Postviral fatigue remains a possible etiology for the unexplainable symptoms of chronic fatigue, such as herpes zoster
(HZ) infection. A previous study reported that HZ infection of the peripheral ganglia might be associated with some cases of CFS, with the most likely cause of infection being a neurotropic herpes virus, particularly varicella zoster virus (VZV)

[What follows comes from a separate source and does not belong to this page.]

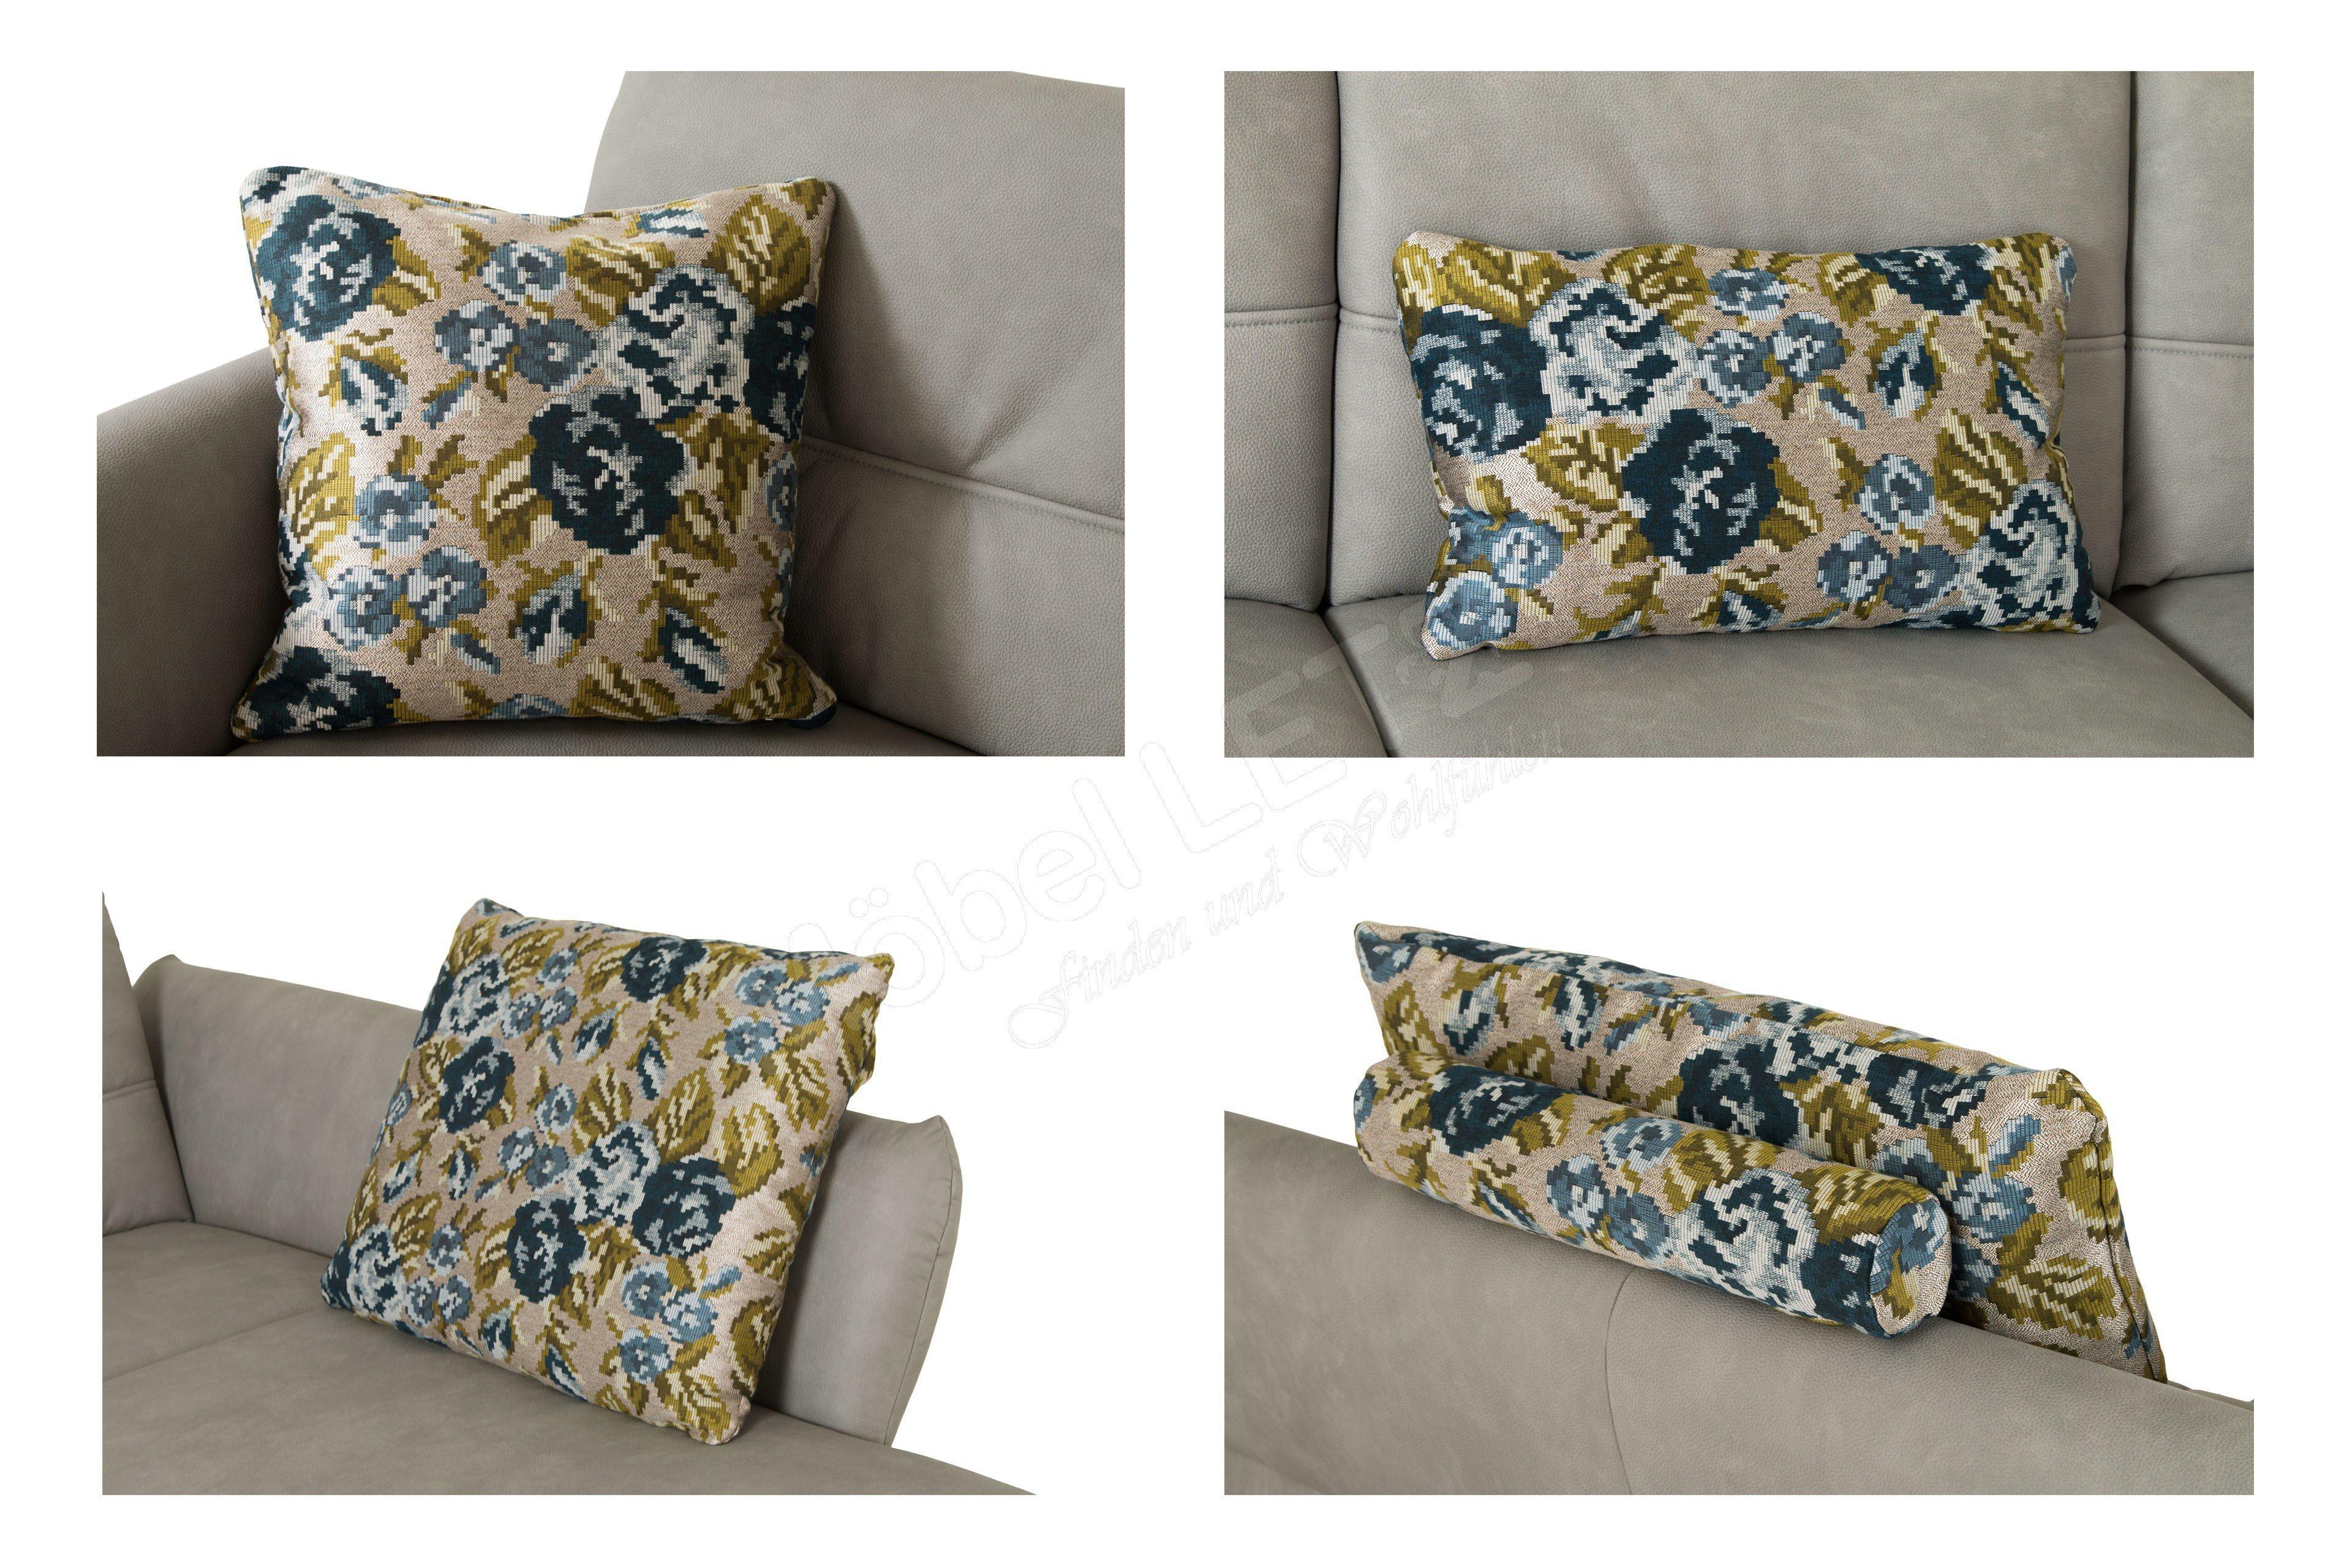 f s polsterm bel 306 mezzo ecksofa in grau m bel letz ihr online shop. Black Bedroom Furniture Sets. Home Design Ideas

[3, 6–8]. The symptoms of CFS might be produced by infection of the peripheral ganglia, with fatigue caused by postviral infection of the autonomic ganglia as one of the possible etiologic factors of CFS [9]. VZV is known to reactivate frequently in the peripheral ganglia of previously healthy adults and cause sudden, debilitating illness, indicating that it is a likely cause of CFS [10]. Another study showed monozygotic twins discordant among CFS patients, indicating that
HZ infection elevated the odds ratio, exhibiting an approximately 2-fold risk [11, 12]. Based on the aforementioned
assumptions and evidence, we propose that HZ infection might be associated with the development of CFS. The diagnostic criteria of CFS are common, based on the 1994 Fukuda definition, which requires a person to have
severe persistent fatigue for at least 6 months, which is necessary to rule out the well-known causes of fatigue [5]. Furthermore,
four or more symptoms in addition to fatigue
(which involves clinically evaluated, unexplained, persistent, or relapsing chronic fatigue), are present, such as unusual postexertion fatigue, impaired memory or concentration, unrefreshing sleep, headache, muscle pain, joint pain, sore throat, and tender cervical nodes [13].

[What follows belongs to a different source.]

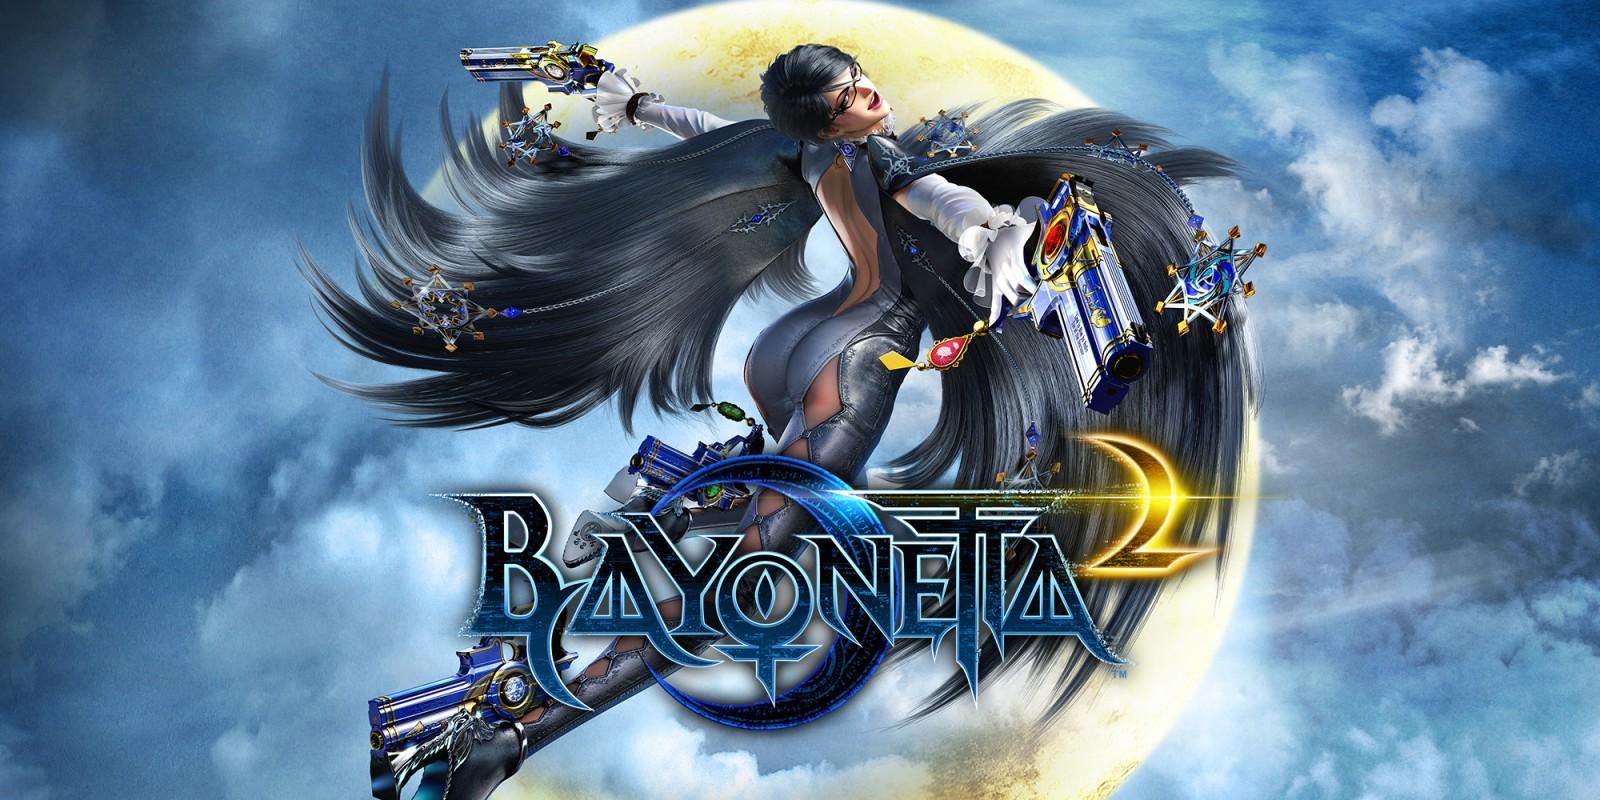 Bayonetta 2 Nintendo Switch Review

However, the diagnostic tools for treating CFS are still inefficient and nonspecific. According to the definition of CFS, the first step in excluding CFS is to rule out cancer and other common chronic disorders [14]. Based on the exclusion criteria, a diagnostic workflow must be obtained to preclude common systematic disorders such as multiple sclerosis [15–17], human immunodeficiency virus (HIV) infection
[18, 19], or systemic lupus erythematosus [20]. Recent studies have documented that fatigue might be associated with
postviral infection [21, 22]. We demonstrated that the risk of CFS might also be associated with HZ infection, which we propose based on the hypothesis of association between postviral neuropathy and CFS.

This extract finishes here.